_WHAT IS REQUIRED_: Nothing but the pictures should be left out when the entries below are duplicated.

Items from a dataset

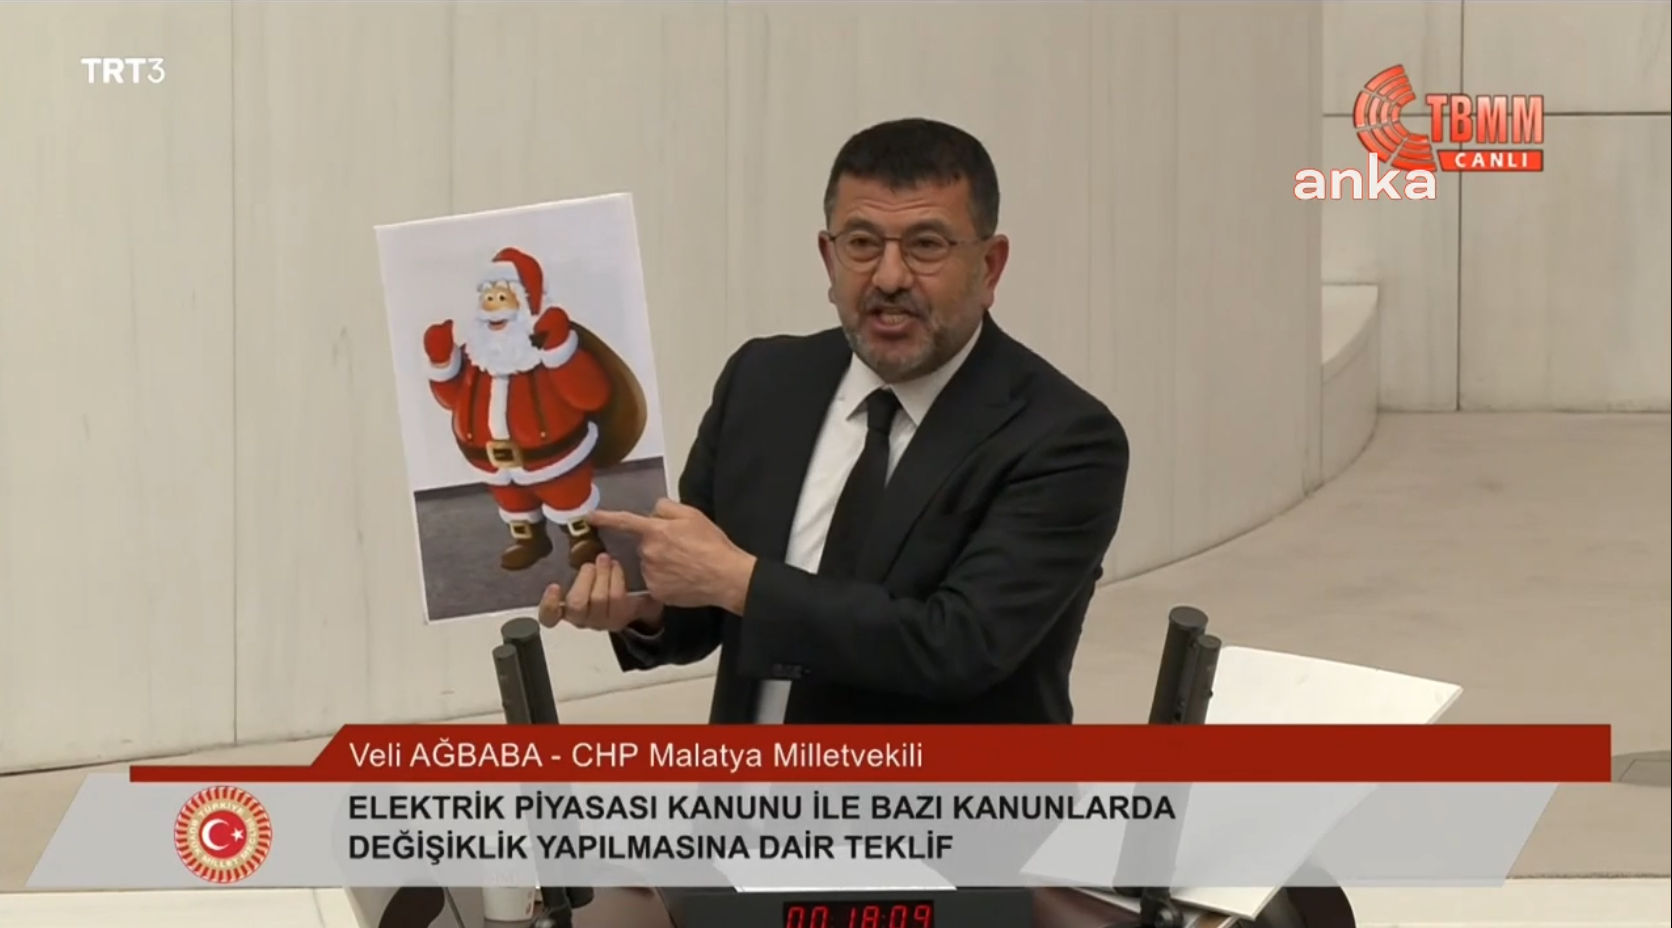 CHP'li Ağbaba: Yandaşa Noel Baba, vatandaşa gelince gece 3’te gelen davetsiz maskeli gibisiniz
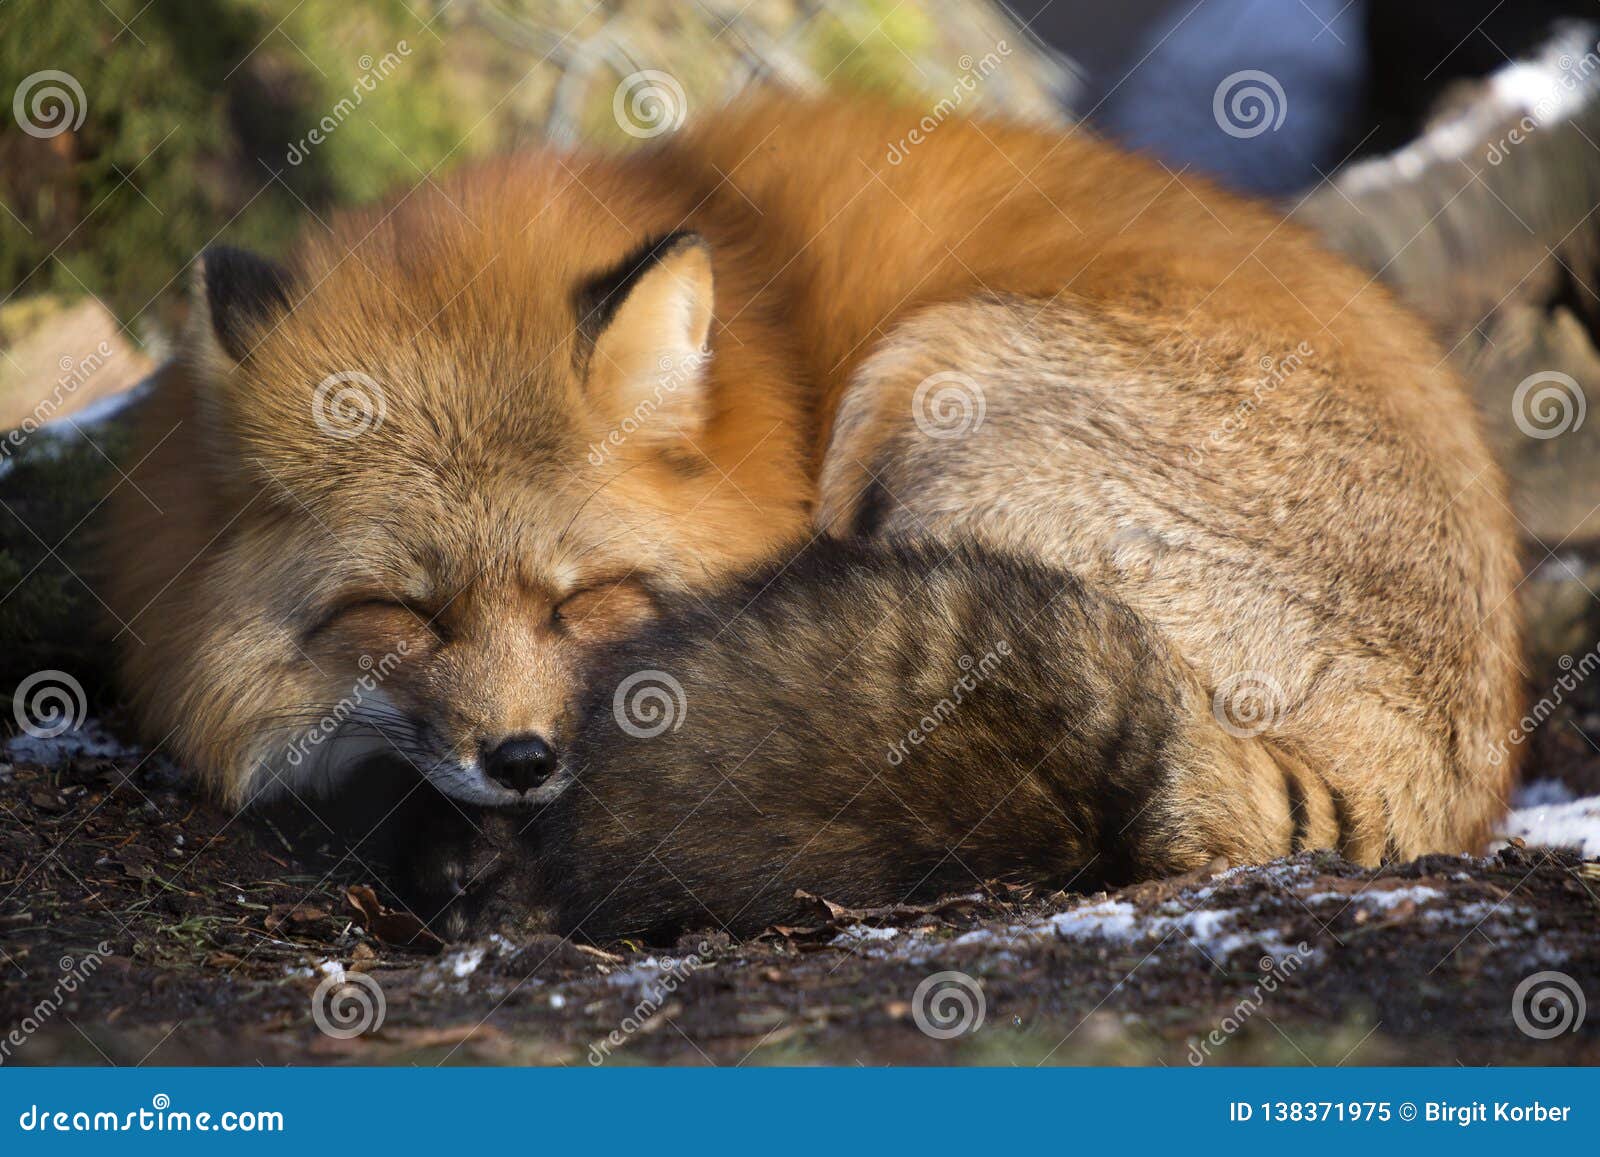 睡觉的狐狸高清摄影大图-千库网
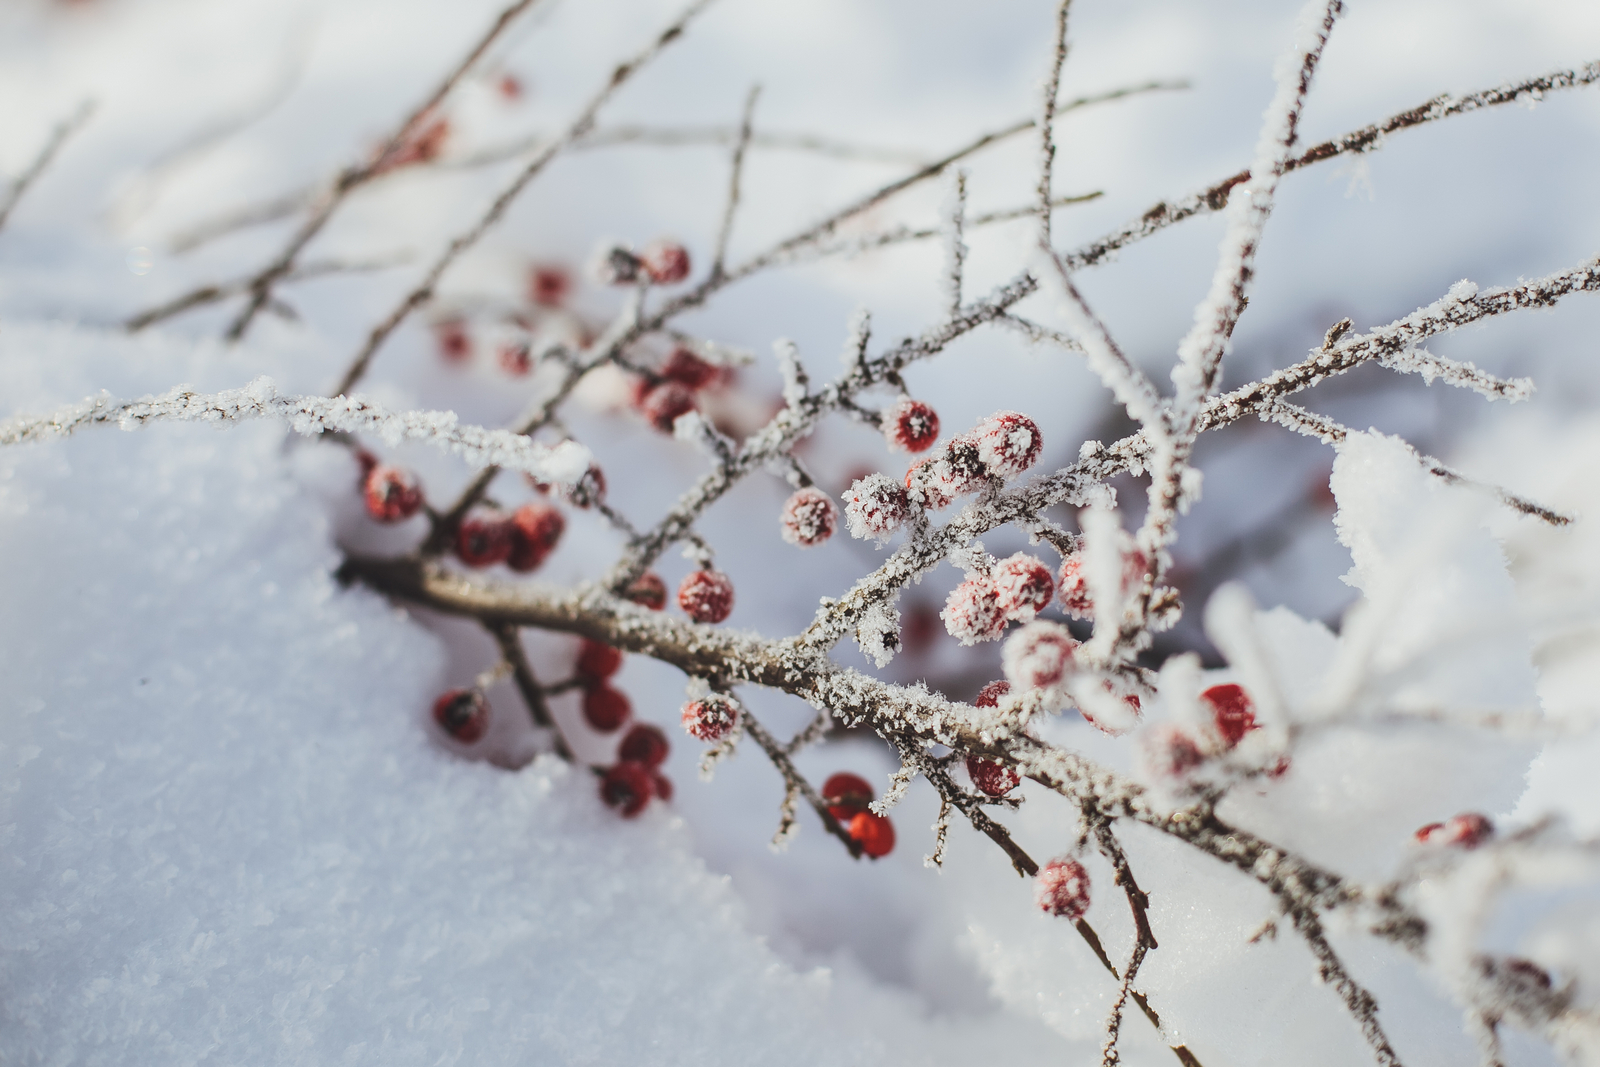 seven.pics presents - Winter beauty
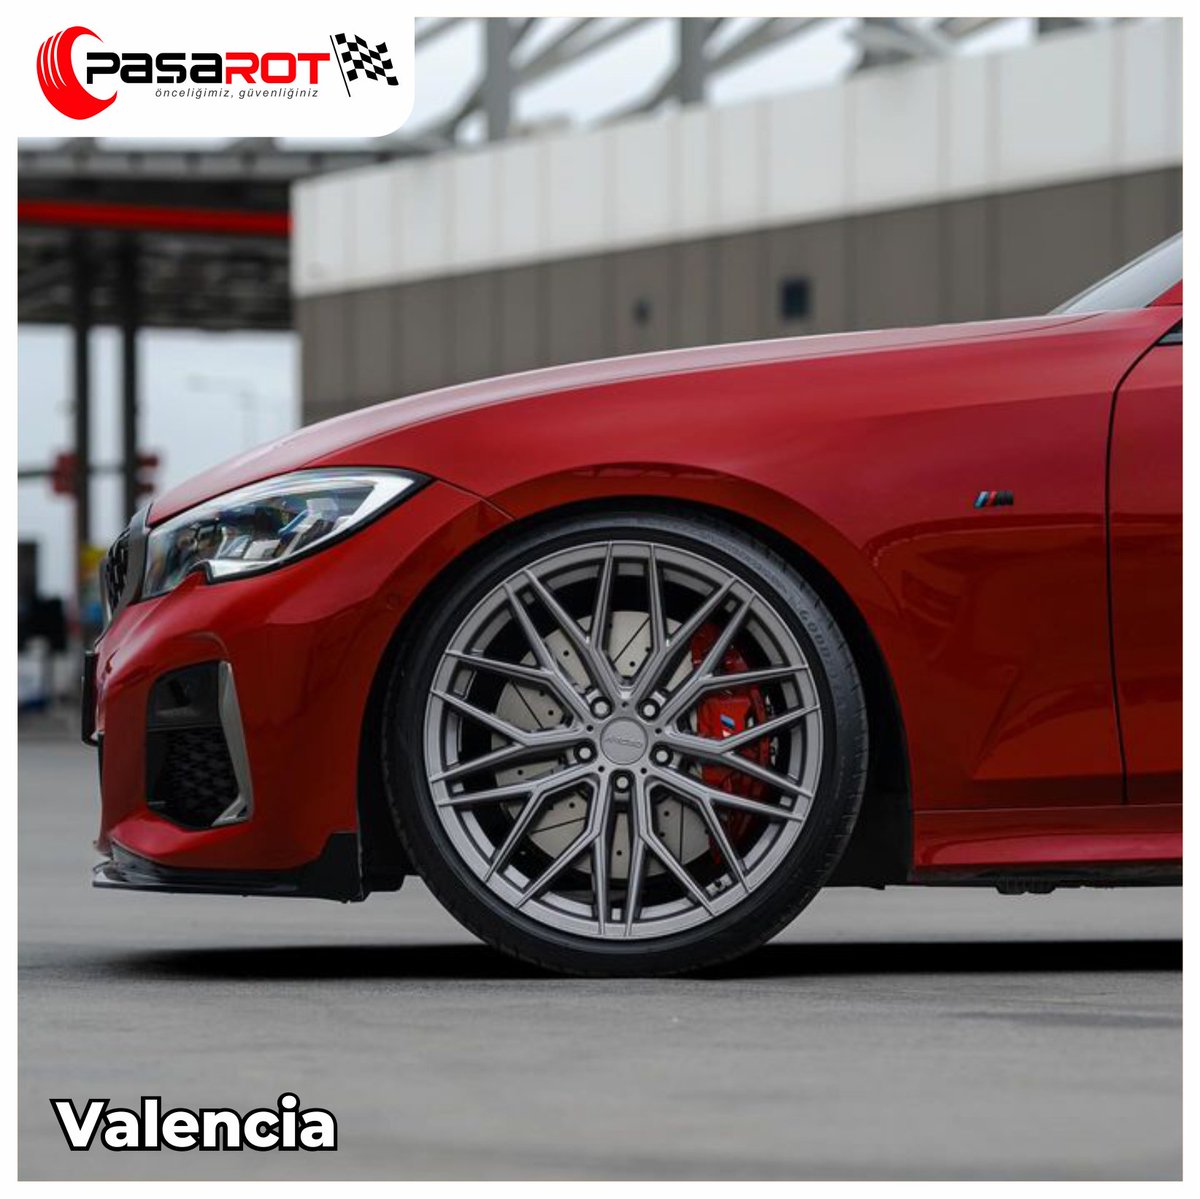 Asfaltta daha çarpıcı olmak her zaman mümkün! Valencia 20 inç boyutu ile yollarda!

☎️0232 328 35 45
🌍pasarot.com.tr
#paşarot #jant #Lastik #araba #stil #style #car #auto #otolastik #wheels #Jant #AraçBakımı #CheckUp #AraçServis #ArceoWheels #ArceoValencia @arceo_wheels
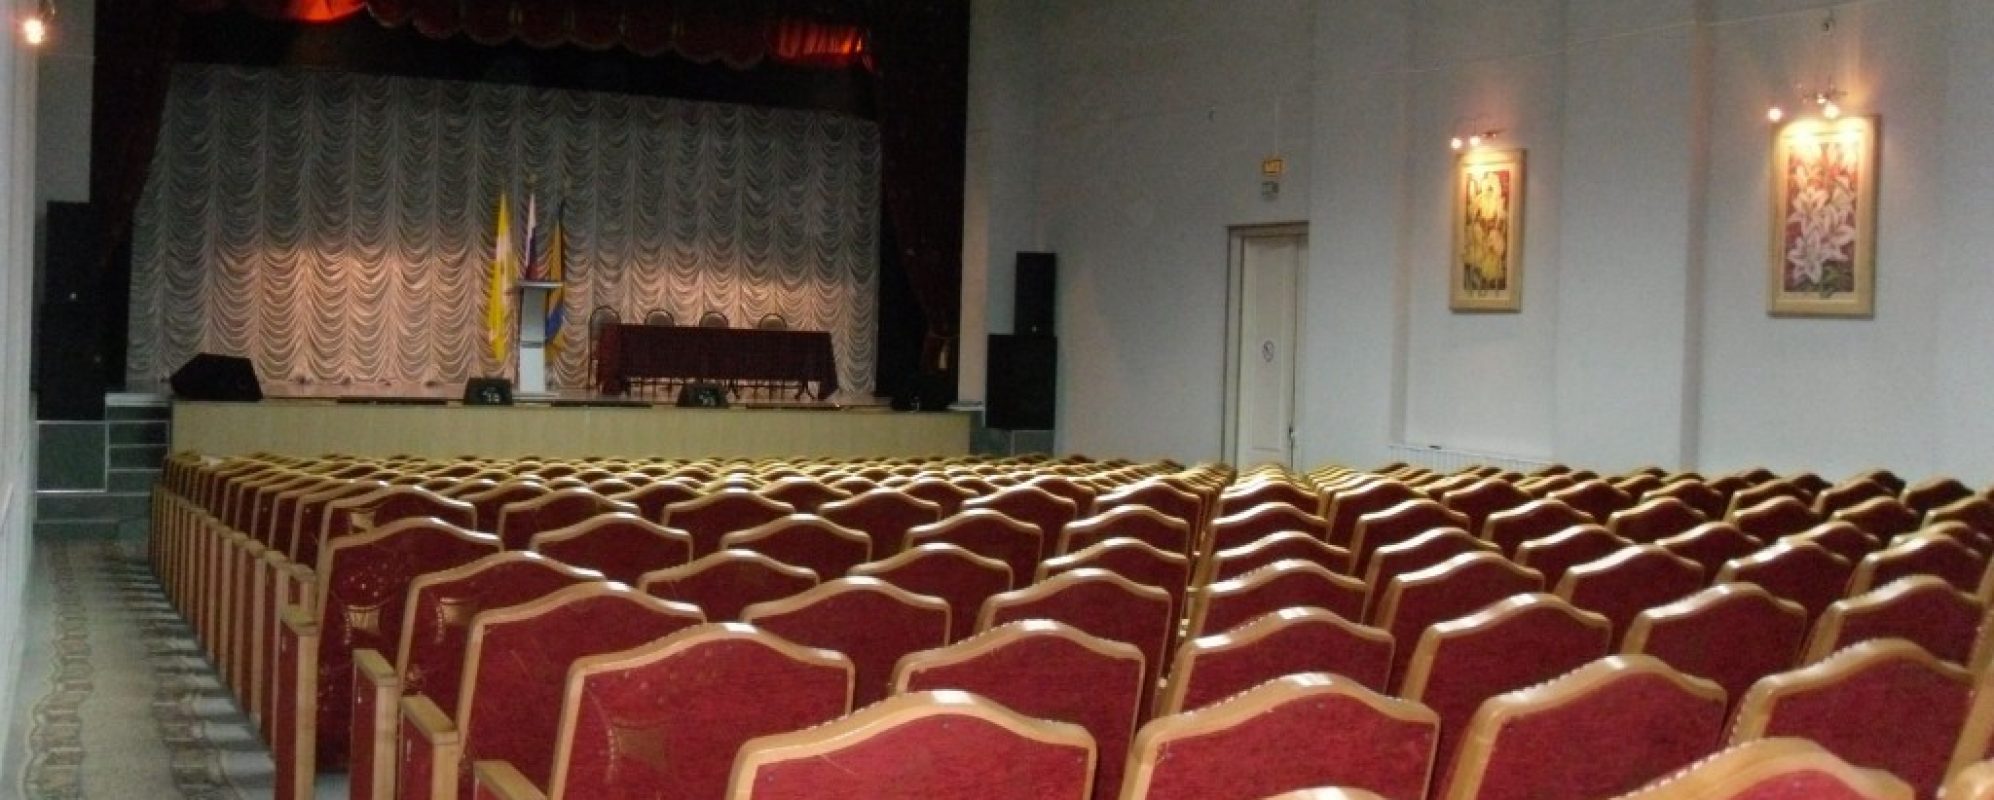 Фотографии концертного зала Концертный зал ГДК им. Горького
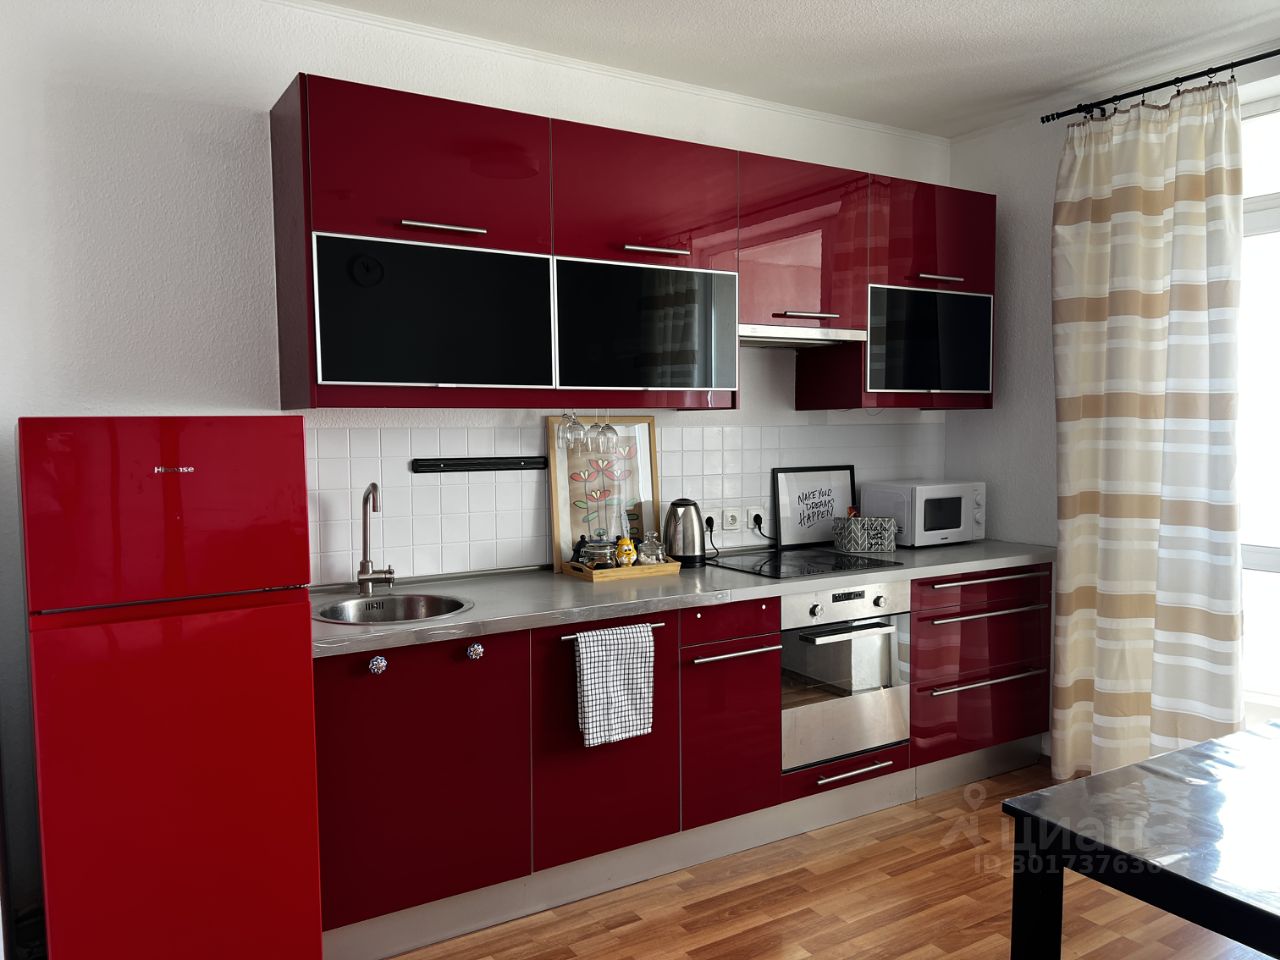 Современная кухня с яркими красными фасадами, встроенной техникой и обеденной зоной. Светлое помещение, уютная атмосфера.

_ANSWER SECTION_:
 CHP'li Ağbaba: Yandaşa Noel Baba, vatandaşa gelince gece 3’te gelen davetsiz maskeli gibisiniz
 睡觉的狐狸高清摄影大图-千库网
 seven.pics presents - Winter beauty
 Asfaltta daha çarpıcı olmak her zaman mümkün! Valencia 20 inç boyutu ile yollarda!

☎️0232 328 35 45
🌍pasarot.com.tr
#paşarot #jant #Lastik #araba #stil #style #car #auto #otolastik #wheels #Jant #AraçBakımı #CheckUp #AraçServis #ArceoWheels #ArceoValencia @arceo_wheels
 Фотографии концертного зала Концертный зал ГДК им. Горького
 Современная кухня с яркими красными фасадами, встроенной техникой и обеденной зоной. Светлое помещение, уютная атмосфера.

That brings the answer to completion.